Briarcliffe College was a private for-profit college with two campuses on Long Island, New York. It was owned by Career Education Corporation. The Bethpage campus served Nassau County, New York, and the Patchogue campus was in Suffolk County, New York. The college offered associate or bachelor programs. It stopped accepting new students in 2015 and closed in 2018, citing financial difficulties, following a $10.25 million settlement with the New York state attorney general's office over inflated job placement rates in 2013.

==History==
Briarcliffe was founded in 1966, as a one-year business school in Hicksville, New York. A branch campus opened in 1969 in Mineola/Garden City. This branch was moved to Lynbrook, New York in 1983. In 1979, the New York State Education Department authorized Briarclffe to offer the two-year associate degree in occupational studies. A third campus was established in Patchogue, New York in 1981.

In 1992, Briarcliffe, which had an overwhelmingly female student population, purchased Grumman Data Systems Institute, a technical school with a predominantly male enrollment. The combination of the two institutions created a coeducational college of approximately 2,000 students. The main campus was moved from Hicksville to the Grumman campus in Woodbury, New York.

The college purchased a quarter-million square foot facility on approximately 20 acre in Bethpage, New York in 1995. Students from the Lynbrook and Woodbury campuses were moved to this new main campus beginning with the fall semester in 1997.

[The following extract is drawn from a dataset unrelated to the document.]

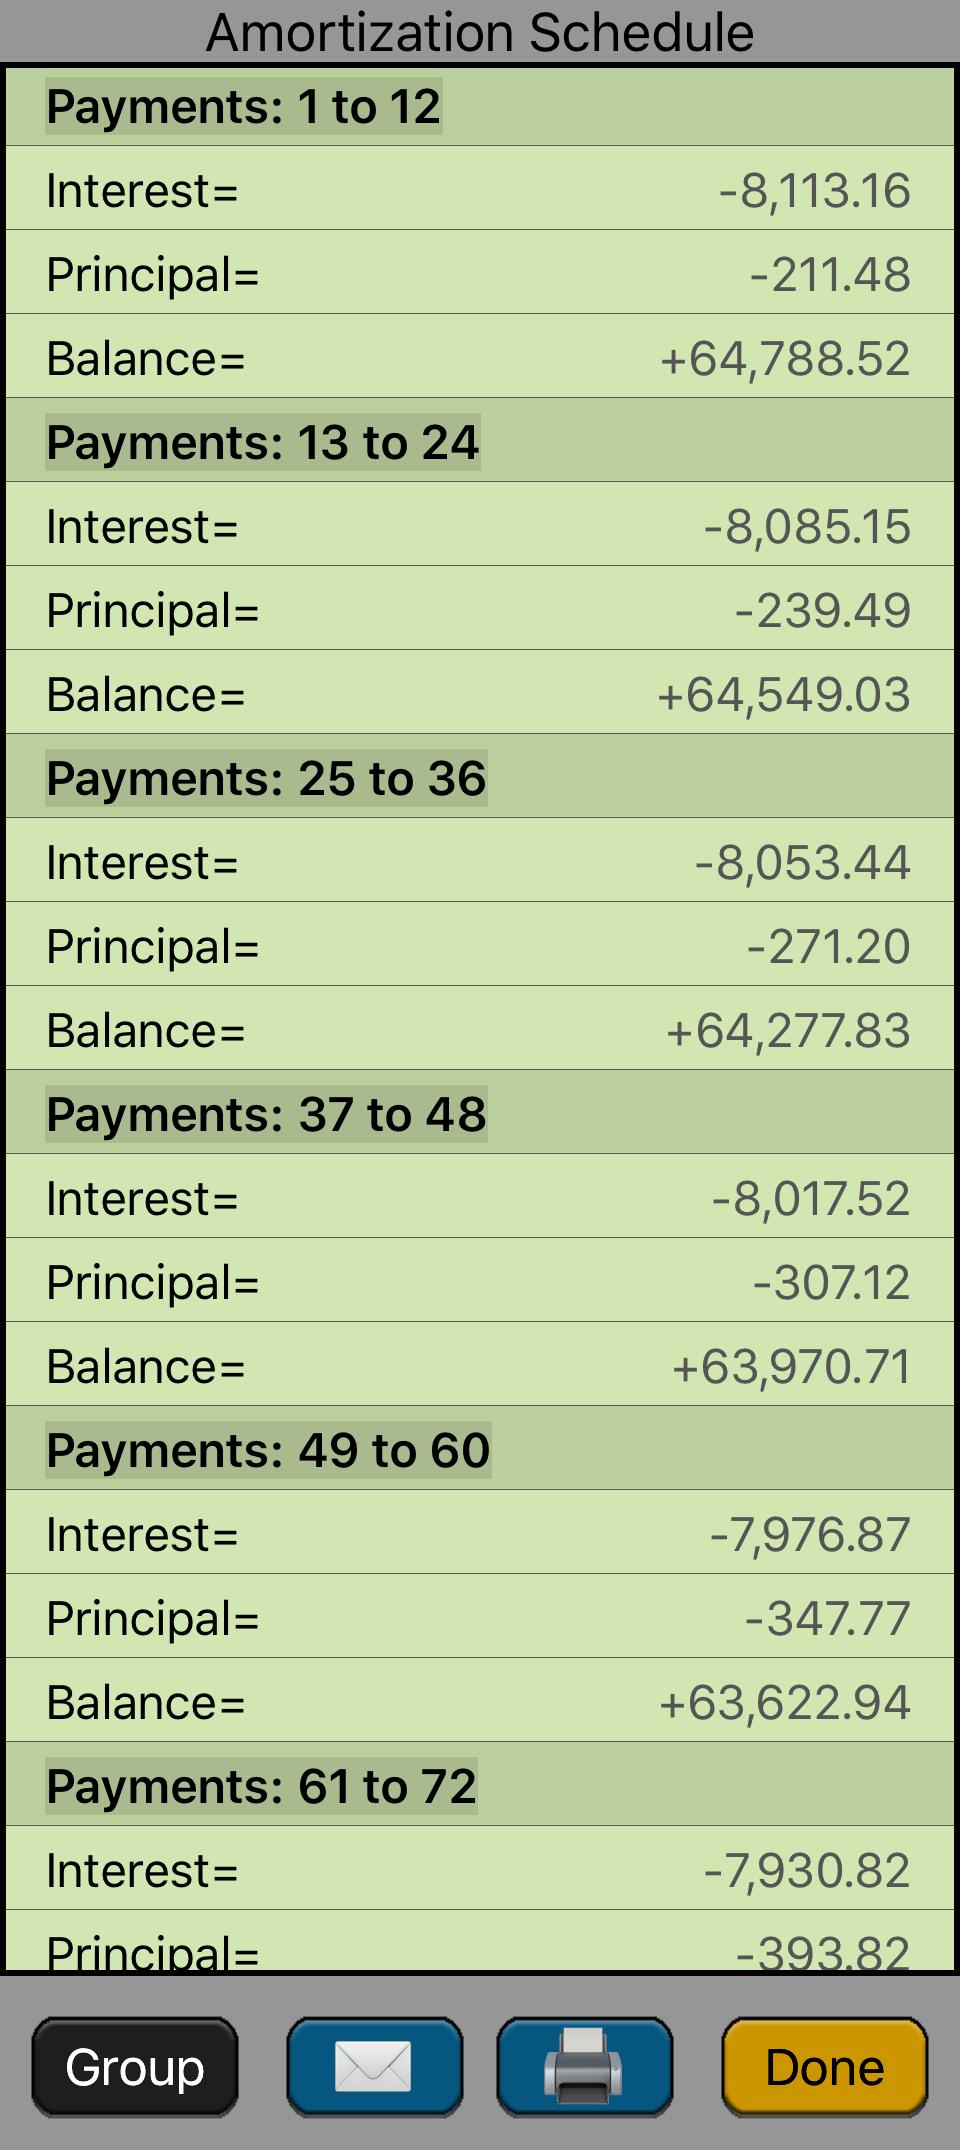 Periods Amortized Interest amount Amortization amount Remaining balance Shows the Grouping input view to group payment in the amortization schedule Close the

In 1996, Briarcliffe become regionally accredited and the school earned the right to be called Briarcliffe College. One year later, the college became a 4-year college able to grant baccalaureate degrees. It was purchased by and is a subsidiary of Career Education Corporation.

In 2010, the college offered its first degree programs fully online.

In 2015--just five years later--the college announced that it was no longer accepting new students and would close on December 31, 2018.

==Accreditation==
Briarcliffe College was regionally accredited by the Commission on Higher Education of the Middle States Association of Colleges and Schools beginning in 1994 and lasting until its 2018 closure. Individual programs at Briarcliffe College were programmatically accredited by additional agencies.

==Athletics==
Briarcliffe Seahawks Baseball also made two NJCAA Division 1 World Series appearances. Upon moving to the USCAA, they won three National Championships, in 2006, 2010 and 2011. The baseball program was led by head coach Gary Puccio, Assistant Coach Enver Lopez, and former player turned coach Justin Mckay.

Briarcliffe College eliminated all intercollegiate athletics in June 2015.